Jordan Abel wrote:
....
Things are only undefined because the standard says that they are
undefined, not for any other reason. ...
As it happens, the standard explicitly states that when there is no
explicit definition of the behavior, it is undefined. There is no part
of the standard anywhere that specifies the behavior of the printf()
family of functions when there is a mis-match between the format code
and the actual promoted type of the arguments.
... As it happens, this is in fact the
case, 7.19.6.1p9 "If any argument is not the correct type for the
corresponding conversion specification, the behavior is undefined".
However, if we assume that printf is a variadic function implemented
along the lines of the stdarg.h macros, we see 7.15.1.1p2 "...except for
the following cases: - one type is a signed integer type, the other type
is the corresponding unsigned integer type, and the value is
representable in both types" - In this case, the value is not, but "%u
is for unsigned ints" as a blanket statement would seem to be incorrect.
comp.std.c added - do the signed/unsigned exception, and the char*/void*
one, to va_arg type rules also apply to printf?
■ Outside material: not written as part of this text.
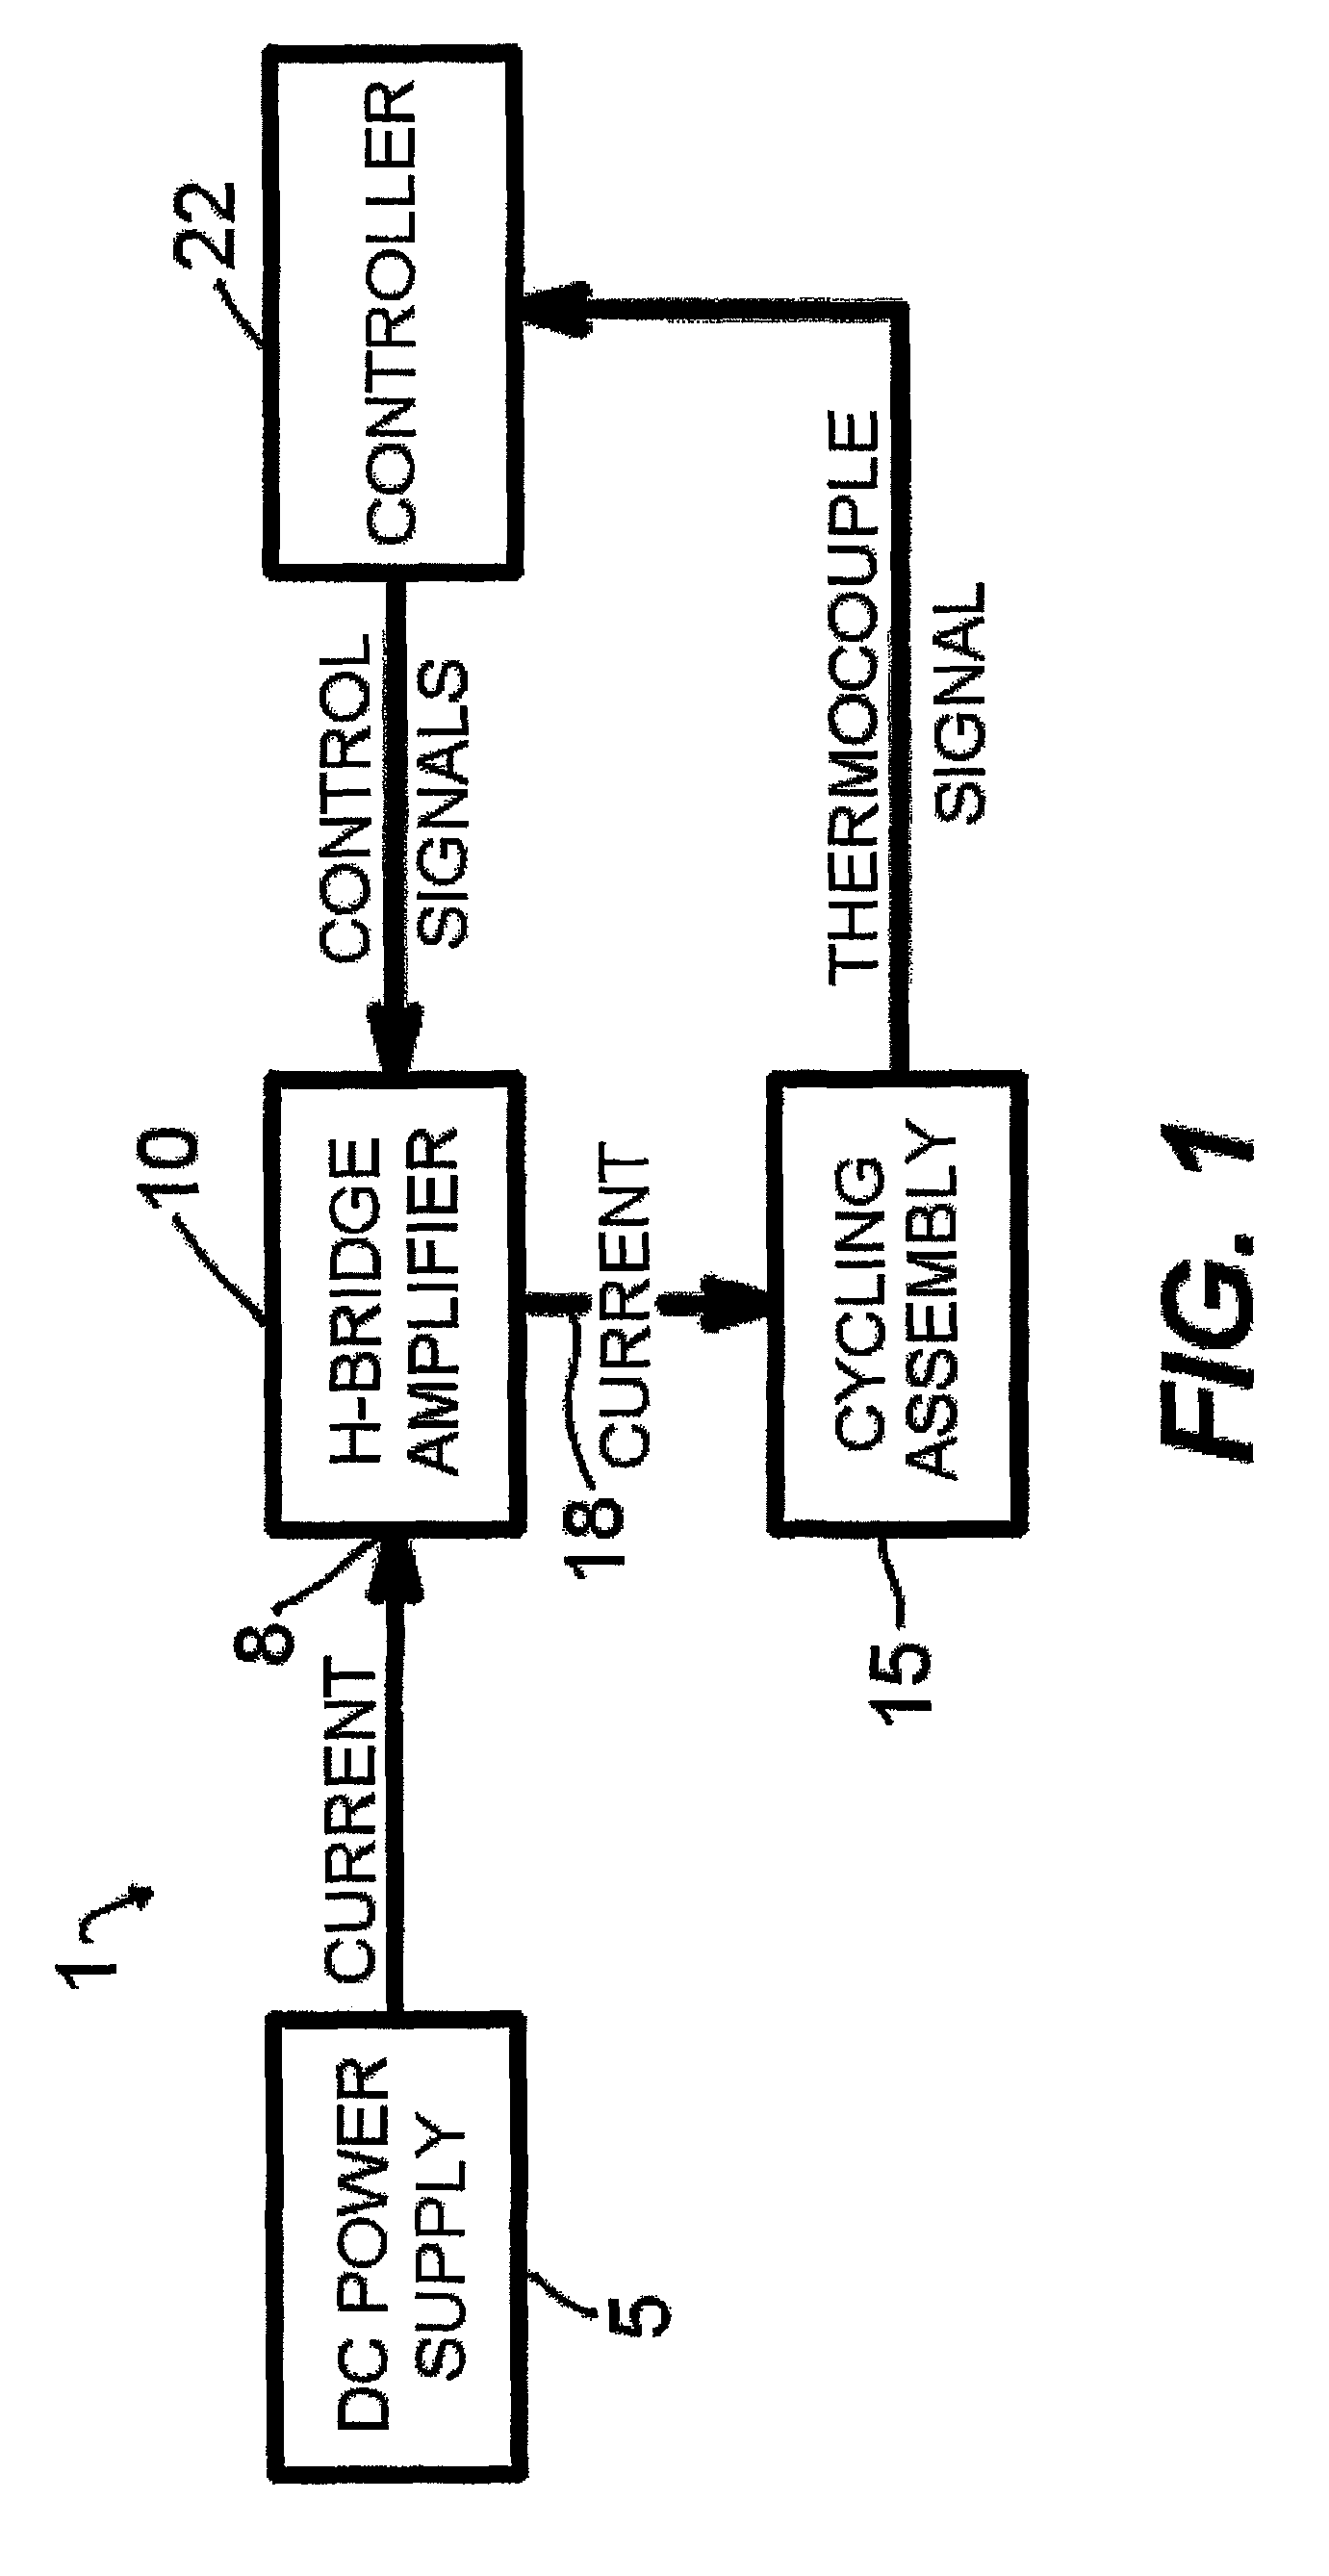 Thermocycler and sample vessel for rapid amplification of DNA

The standard doesn't require the use of the <stdarg.h> macros. Whatever
method is used must be interface compatible with those macros,
otherwise suitably cast function pointers couldn't be used to invoke
printf(). However, since the standard specifies that the behavior for
printf() is undefined in this case, that allows it do something other
than, or in addition to, using stdarg.h macros. For instance, the
implementation might provide as an extension some way of querying what
the actual type an argument was, even though the standard provides no
method of doing so. If printf() is implemented using that extension, it
can identify the type mis-match, and because the behavior is explicitly
undefined when there is such a mismatch, it's permitted to do whatever
the implementors want it to do; the most plausible choice would be a
run-time diagnostic sent to stderr; though assert() and abort() are
other reasonable options.
Incidentally, my copy of some c89 draft says that %u takes an int and
converts it to unsigned. c99 changes this to take an unsigned int. There
are several possibilities: Perhaps they screwed up (but the c99
rationale does not comment on this), or they thought the difference was
insignificant enough not to matter.
I think that it was felt that the difference was important, and
desireable, but not worthy of an explicit mention in the Rationale. Do
you think the C99 specification is undesireable?